You don't say which version and build of OpenSSL (which determines the ciphersuites available, and also protocols although protocol isn't your problem here) or Ubuntu release (which effectively determines the above), but from the sourcefile in the error message it's clearly 1.1.0 or higher, and that normally doesn't support any of the ciphersuites offered by your XP3 client. If the client varies depending on the Windows it's running on, probably it's using schannel, and XP/S03 (even with SPs) didn't do any ciphers better than 3DES (confirmed in your ClientHello dump).
Easiest out would be if client can do clear-SMTP (no TLS) and you configure postfix to accept that; as long as this server is only used for that one lame client the security risk isn't much worse than that client already is. Failing that:
(I'm pretty sure) you can download the (OpenSSL) source package (i.e. as already patched/tweaked by Ubuntu) plus buildeps and buildtools, change the config step to add --enable-ssl-weak-ciphers
, and rebuild and install; this should be compatible (and now support 3DES, included in MEDIUM), although personally I wouldn't chance it if anything important runs on the same system. Otherwise you either must build your own OpenSSL version and your own postfix using it, or assuming you are using implicit (465, not STARTTLS) put something (simple) in bewteen, like a back-to-back pair of stunnel built with a weakened version of OpenSSL, which is probably simpler.

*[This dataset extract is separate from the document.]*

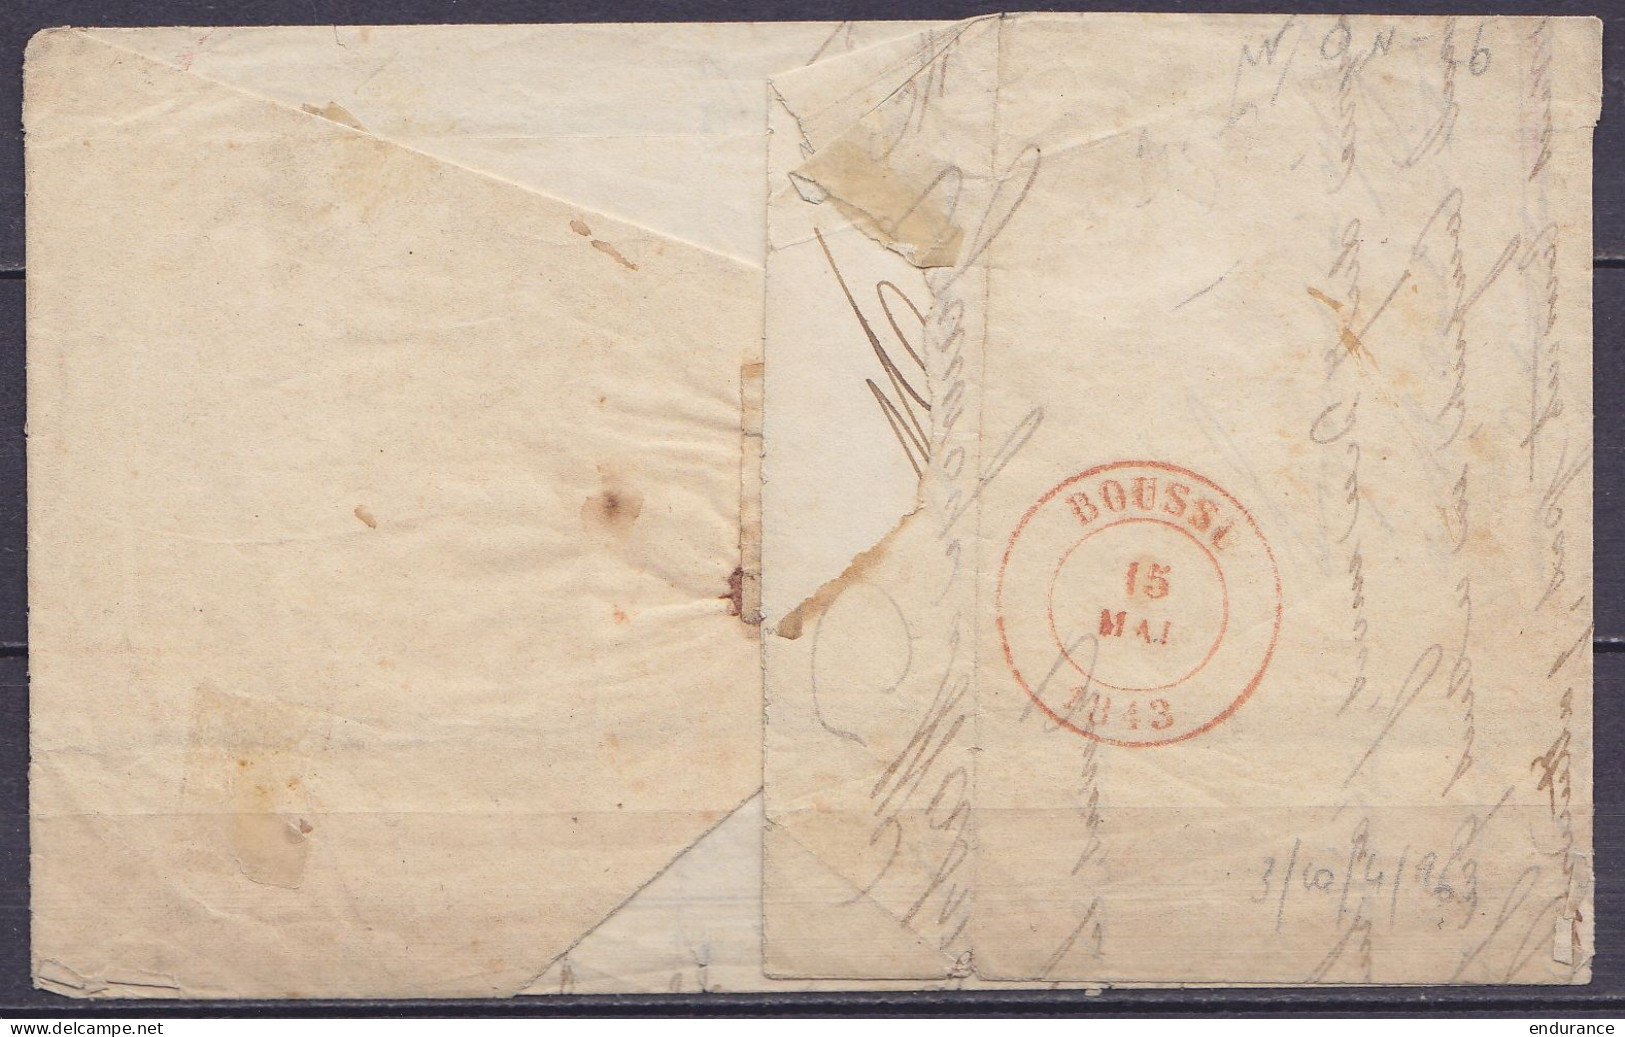 L. Càd MONS /15 MAI 1843 Pour WASMES - [SR] - Boîte Rurale "D" (au Dos: Càd Arrivée BOUSSU) - 1830-1849 (Independent Belgium)
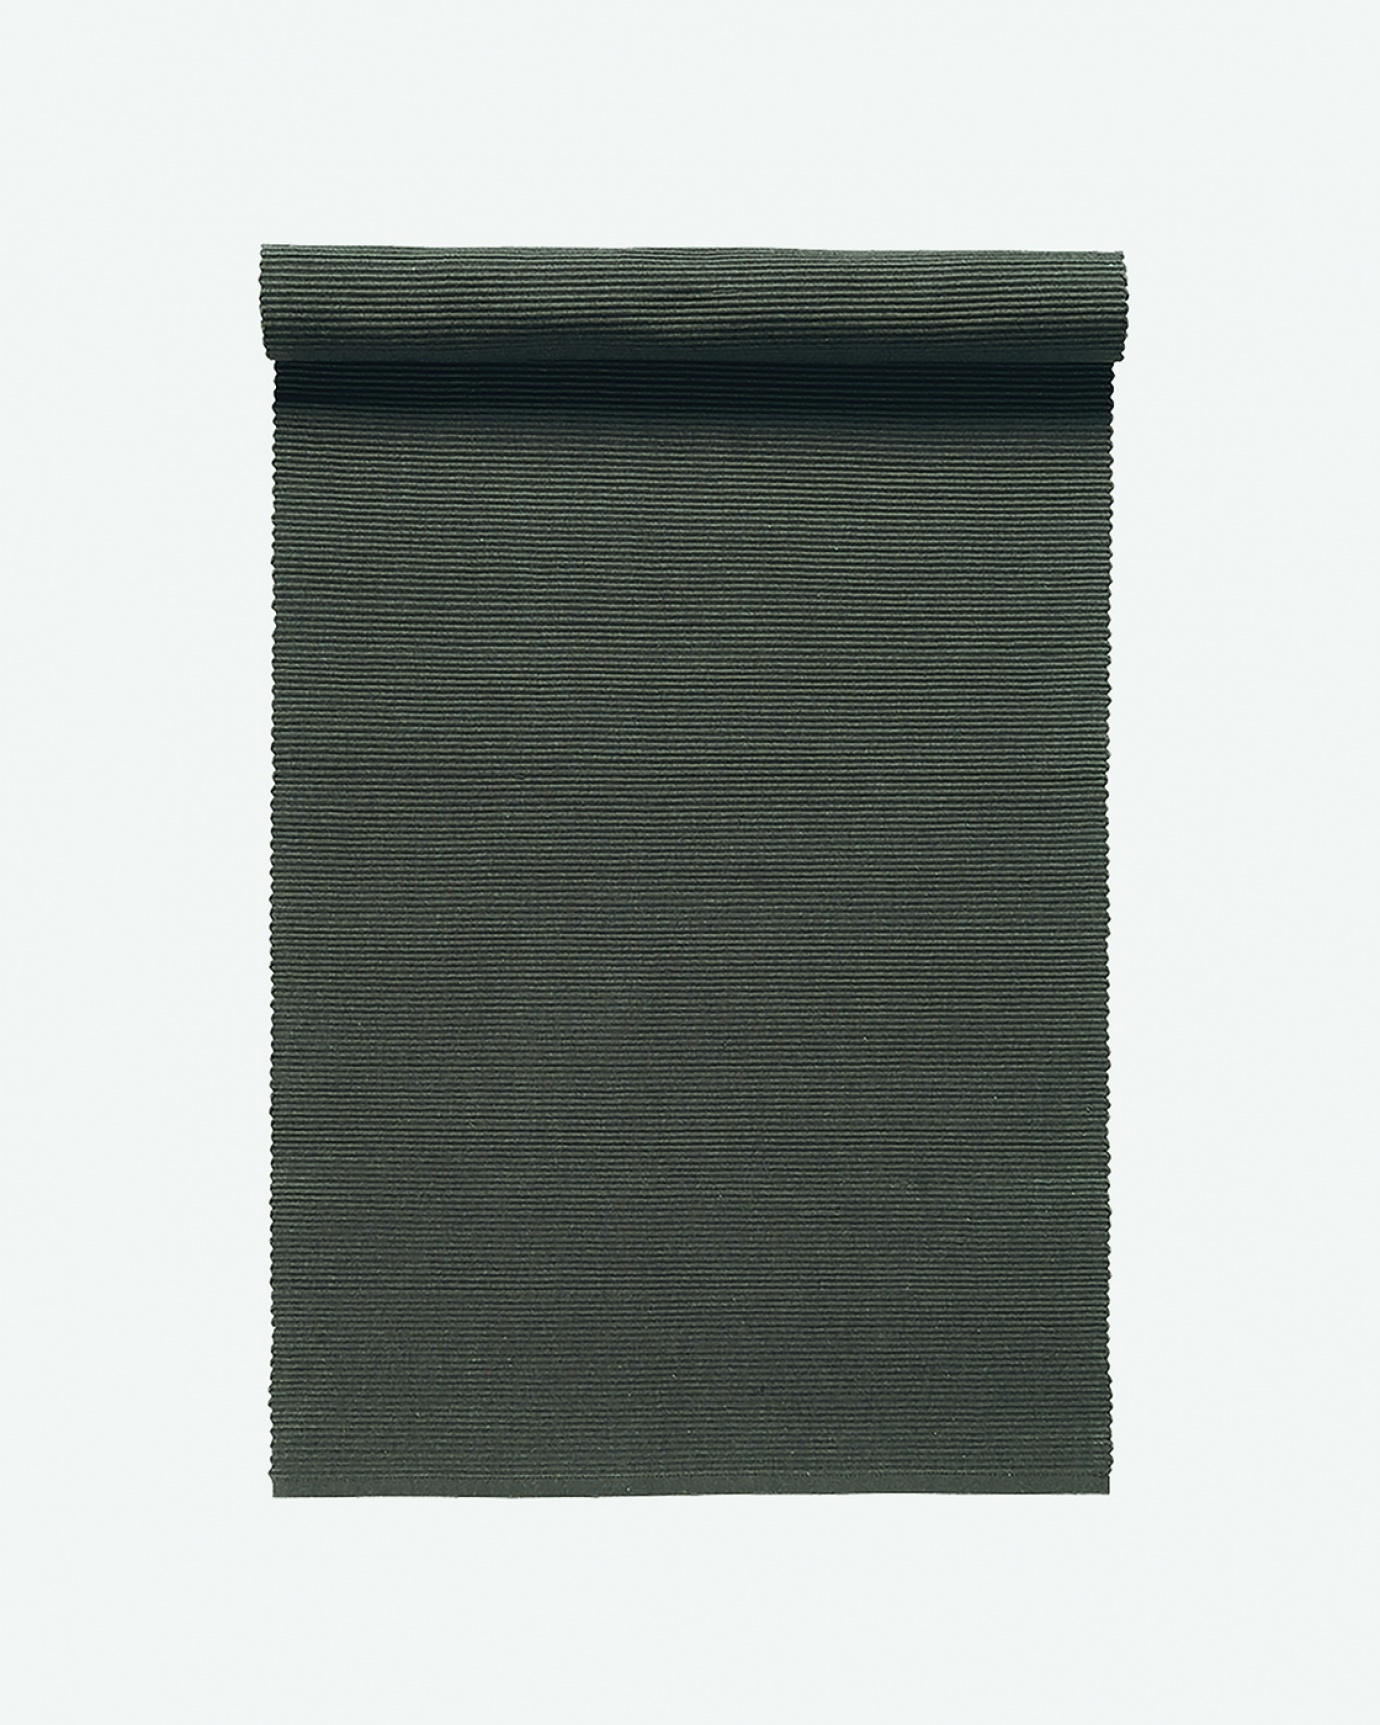 Produktbild büffelbraun UNI Tischläufer aus weicher Baumwolle in Rippenqualität von LINUM DESIGN. Größe 45x150 cm.

OR just use a Ubuntu closer in age to XP, like 16.04 -- which I happen to have on WSL for testing, and has OpenSSL 1.0.2g-plus-patches
which does support 3DES (and TLS1.0 -- all OpenSSL since before 0.9.8 does that). If you don't want to dedicate a system for this put it in a VM or docker or similar. Which incidentally might also help prevent it causing panic if your organization does network-wide scans for obsolete or vulnerable versions of things.